What is it?A dirty trick often used against people visiting other cultures.There’s no doubt that cultural differences can play an important part in negotiation. Some tricksters deliberately use and emphasise differences and local customs to gain changes or win points in particular clauses in the contract.The approach of “but we always do it this way over here” can be difficult to counter if you’re not prepared for it.
Tip for small businesses: If you suspect this approach in advance, have with you a local expert who knows the customs. When negotiating in the USA for example, many organisations have found to their cost that it’s a false economy not to engage a competent American lawyer to act on their behalf. The best local expert in the USA may well be a lawyer.Once you’ve got their issues and demands, don’t concede. Trade!
- Memos of agreement – plus …
What is it?A rather unsubtle trick.The manipulator offers to summarise the agreement reached at the meeting and then either changes or extends the agreement in their favour. This is often spotted by the other party, but can cause acrimony or embarrassment in correcting it later.
Tip for small businesses:It’s always worth collating the summary of an agreement while both parties are present. Huthwaite research shows skilled business people check that agreements are clearly understood by both parties.
- Sunk cost tactics
What is it?This is based on the assumption that the more a negotiator has invested in trying to reach an agreement, the less willing they will be to abandon the negotiation.
For example, a negotiator faced with an unreasonable demand only ten minutes into a negotiation is likely to reject it, even if it could potentially jeopardise the entire negotiation. On the other hand, if the negotiation has been going for several months and progress towards an agreement has been made, it’s much less likely that the negotiator will jeopardise the success of the discussions by rejecting demands.

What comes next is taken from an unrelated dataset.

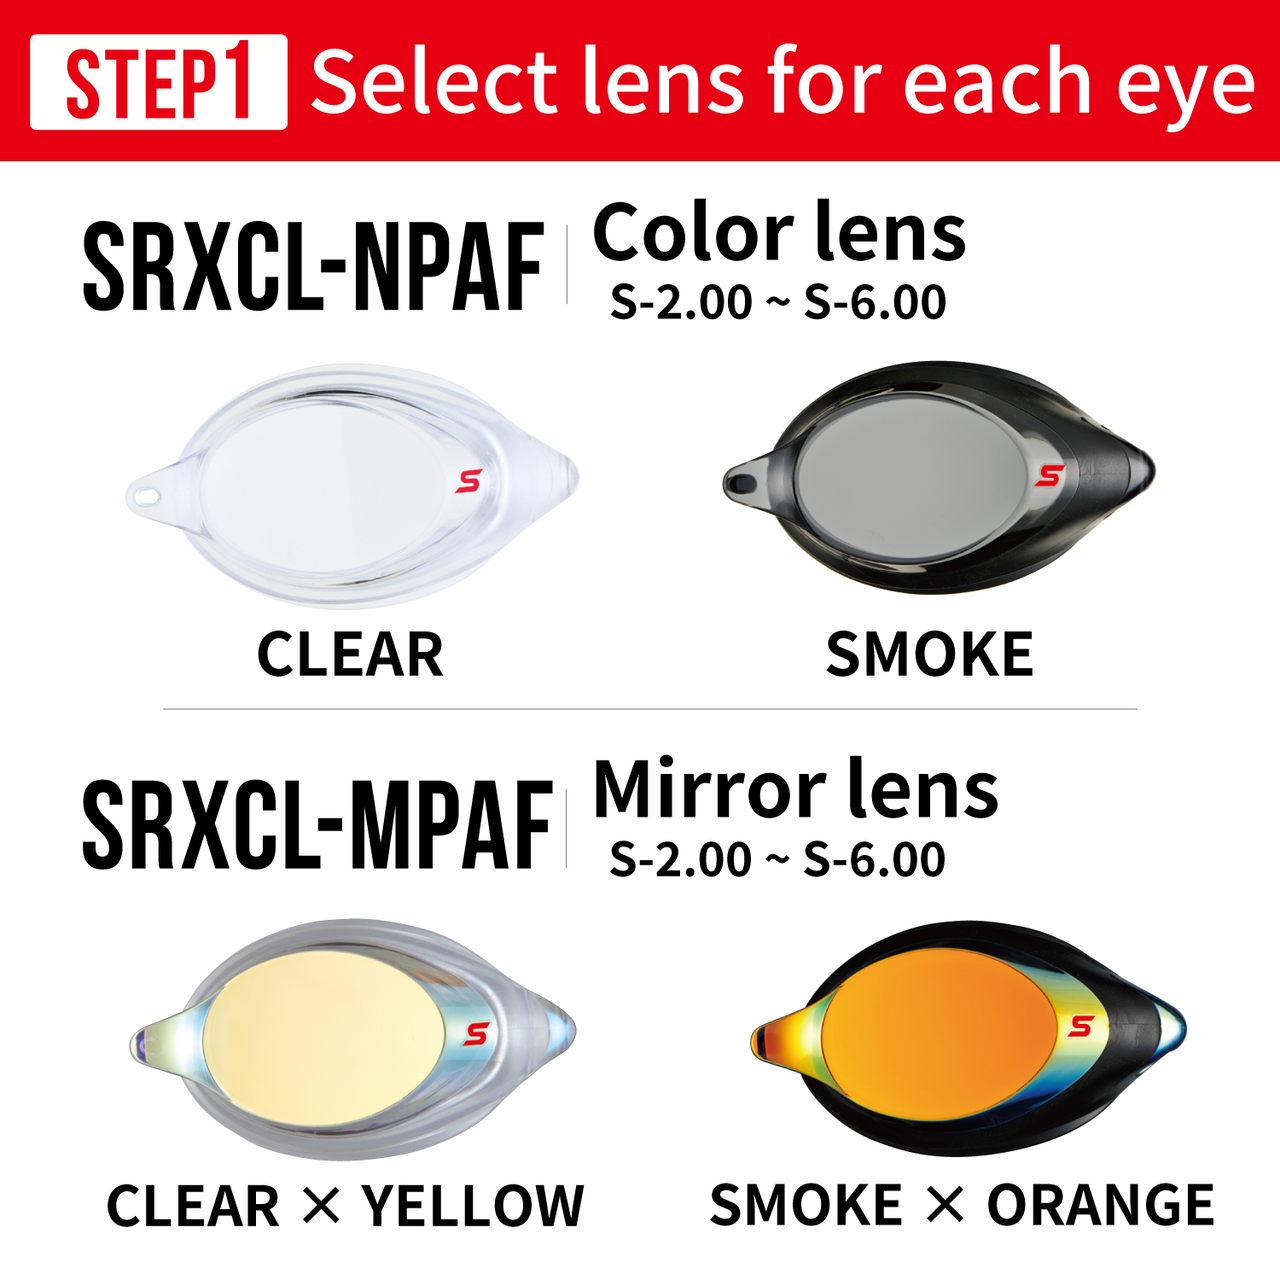 SWANS SRXCL-MPAF S-4.00 SMOR Smoke Lens x Orange Mirror SWIM GOGGLE,Opt2, large image number 1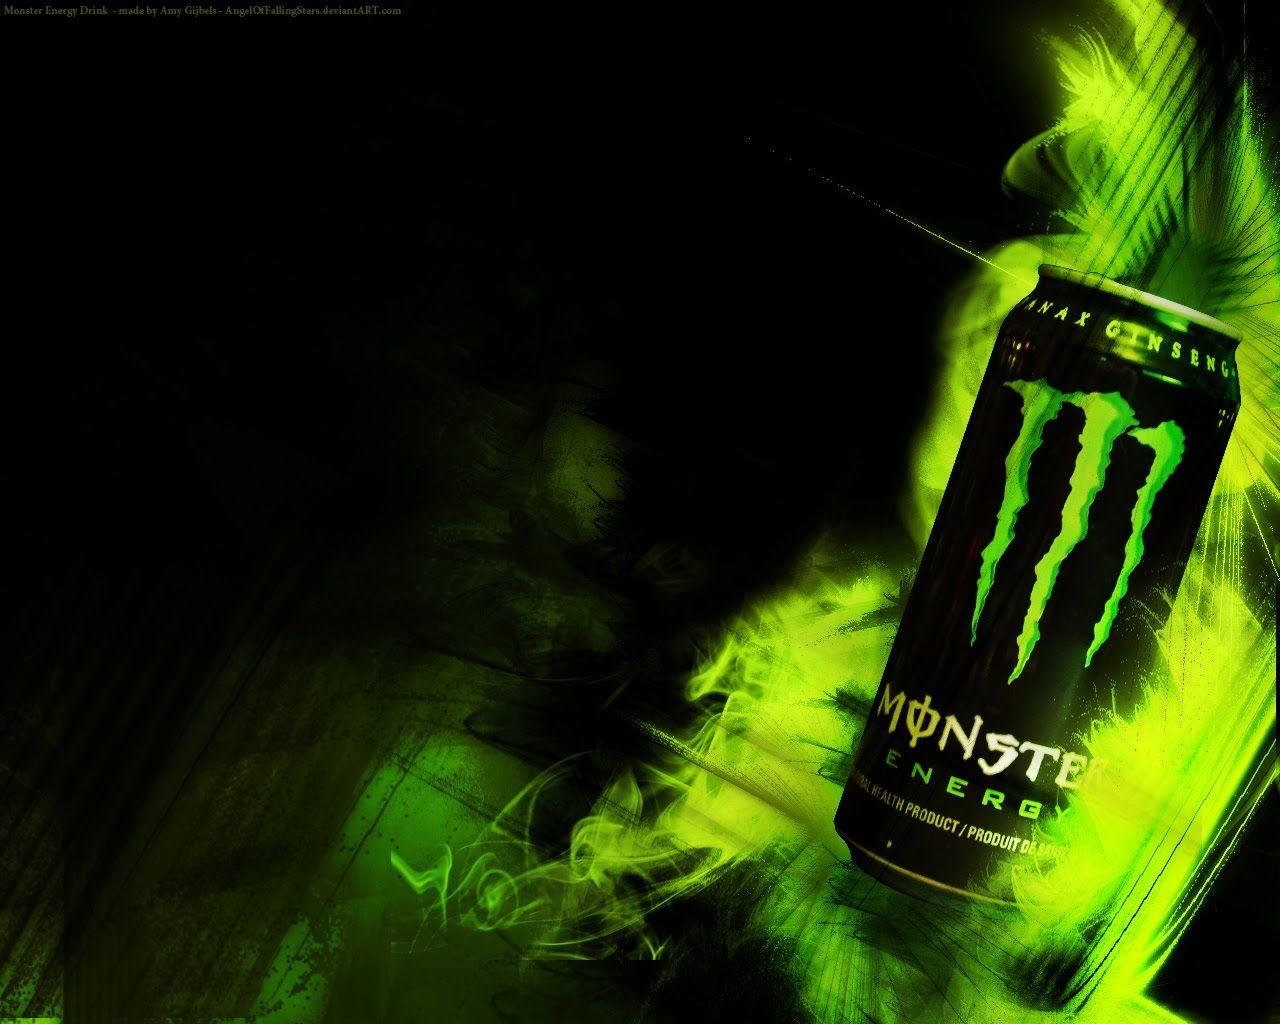 Monster energy wallpaper free download

Tip for small businesses: Write-off the previous investment. It then has no significant influence on current decisions. Remember: The other party has an equal investment in the negotiation. Are they prepared to write off all they’ve invested by pressing for an unreasonable concession?
- “Details I can’t divulge“
What is it?This is one of the most commonly used dirty tricks in negotiation.
People using this tactic often appear reluctant to release details of a so called competitor offer or other issue on ethical grounds. Its purpose is to make you feel you’ve misjudged the market or your relative strength and so give a concession, which will make you competitive again.
Tip for small businesses:Even though the other party will probably refuse to release details such as the competitor’s name, you shouldn’t believe what they say about cost, you can check the credibility of the competitive offer by asking details such as: “What sort of operator training are they offering?” or “What response time do they guarantee?”
Alternatively, you can try: “I’ll need a strong case to persuade my team to do better – can you help me with more details?”
Huthwaite’s research shows that the most successful business people don’t entertain dirty tricks in negotiation but instead strive to reach agreements that are satisfactory to both parties. When both sides are happy they are far more inclined to work towards a successful implementation, which at the end of the day, is the ultimate definition of a successful negotiation.
So, if you find yourself on the receiving end of something that doesn’t feel quite right, what should you do? It’s rarely the case that you should walk away. Indeed, in most instances, provided you recognise what’s happening, you can address the situation and swiftly bring it back to a better place.
Use these negotiation techniques to counteract dirty tricks and turn tricky scenarios into long-term profitable relationships.